Data Scientists: Where the Careers Are
Data scientist—a new occupation that blends business savvy, mathematical wizardry and computer know-how—is data analytics' career of the moment. Currently boasting superstar status in the corporate world, these number crunchers find hidden insights in large, complex sets of data that don't typically mesh.
While demand for data scientists is growing across many industries, some businesses are going all out to shore up their data militia. Anyone looking for a career in data science may want to consider these four industries in particular—they're hiring.
Relying on sensors in farm machinery, in soil and on planes flown over fields, precision agriculture is an emerging practice in which growing crops is directed by data covering everything from soil conditions to weather patterns to commodity pricing. "Precision agriculture helps you optimize yield and avoid major mistakes," says Daniel Castro, director of the Center for Data Innovation, a think tank in Washington, D.C. For example, farmers traditionally have planted a crop, then applied fertilizer uniformly across entire fields. Data models allow them to instead customize the spread of fertilizer, seed, water and pesticide across different areas of their farms—even if the land rolls on for 50,000 acres.

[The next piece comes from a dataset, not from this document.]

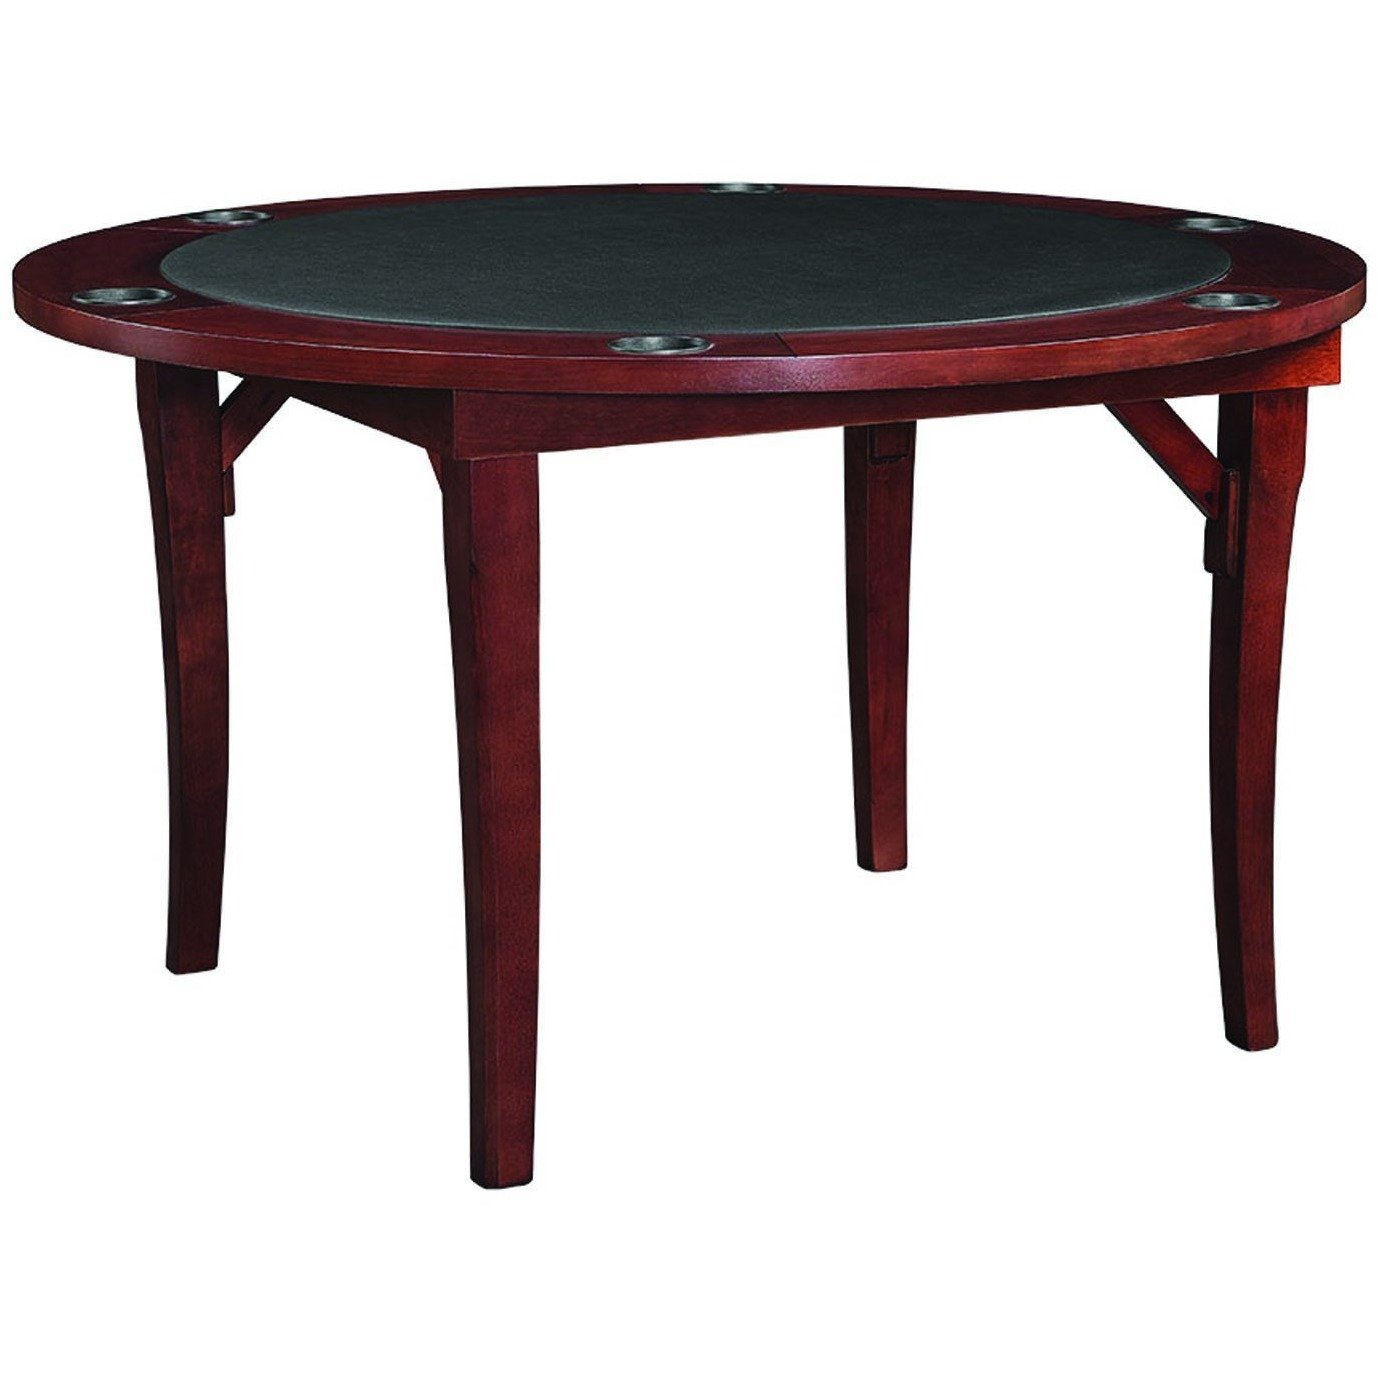 RAM Game Room 48" Round Folding Poker Table 6 Person - Just Poker Tables

Big data promises to discover better models to gauge risk, which could minimize the likelihood of scenarios such as the subprime mortgage meltdown. Data scientists, though, also are charged with many less obvious tasks in the financial industry, says Bill Rand, director of the Center for Complexity in Business at the University of Maryland. He points to one experiment that analyzed keywords in financial documents to identify competitors in different niches, helping pinpoint investment opportunities.
Government organizations have huge stockpiles of data that can be applied against all sorts of problems, from food safety to terrorism. Joshua Sullivan, a data scientist who led the development of Booz Allen Hamilton's The Field Guide to Data Science, cites one surprising use of analytics concerning government subsidies. "They created an amazing visualization that helped you see the disconnect between the locations of food distribution sites and the populations they served," Sullivan says. "That's the type of thing that isn't easy to see in a pile of static reports; you need the imagination of a data scientist to depict the story in the data."

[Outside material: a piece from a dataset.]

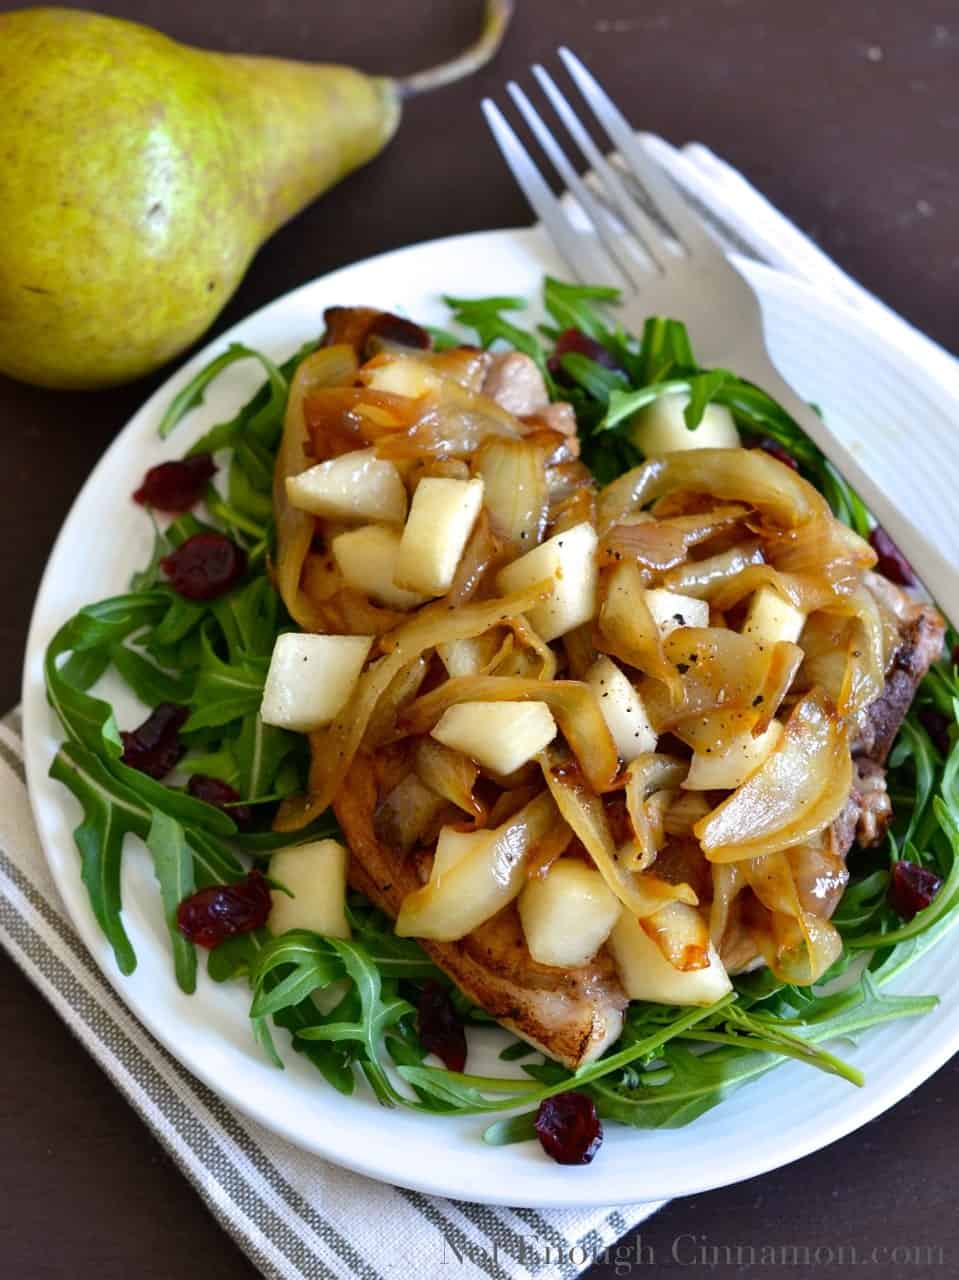 Pear and Caramelized Onions Pork Chops

Developing a new drug can take more than a decade and cost billions. Data tools can help take some of the sting out, pinpointing the best drug candidates by scanning across pools of information, such as marketing data and adverse patient reactions. "We can model data and prioritize which experiments we take [forward]," Sullivan says. "Big data can help sort out the most promising drugs even before you do experiments on mice. Just three years ago that would have been impossible. But that's what data scientists do—they tee up the right question to ask."
Ultimately, the industries most needing data scientists will be those facing the most complex questions, along with those wading through the greatest variety of data formats (pictures, emails, text, etc.) from assorted sources. And still, the best opportunities for data scientists may go to the most creative thinkers. For example, Rand imagines a time when law firms will perform text analytics on legal briefs, to compare them to write-ups on previous trials. The goal: to determine which arguments would land best with certain judges.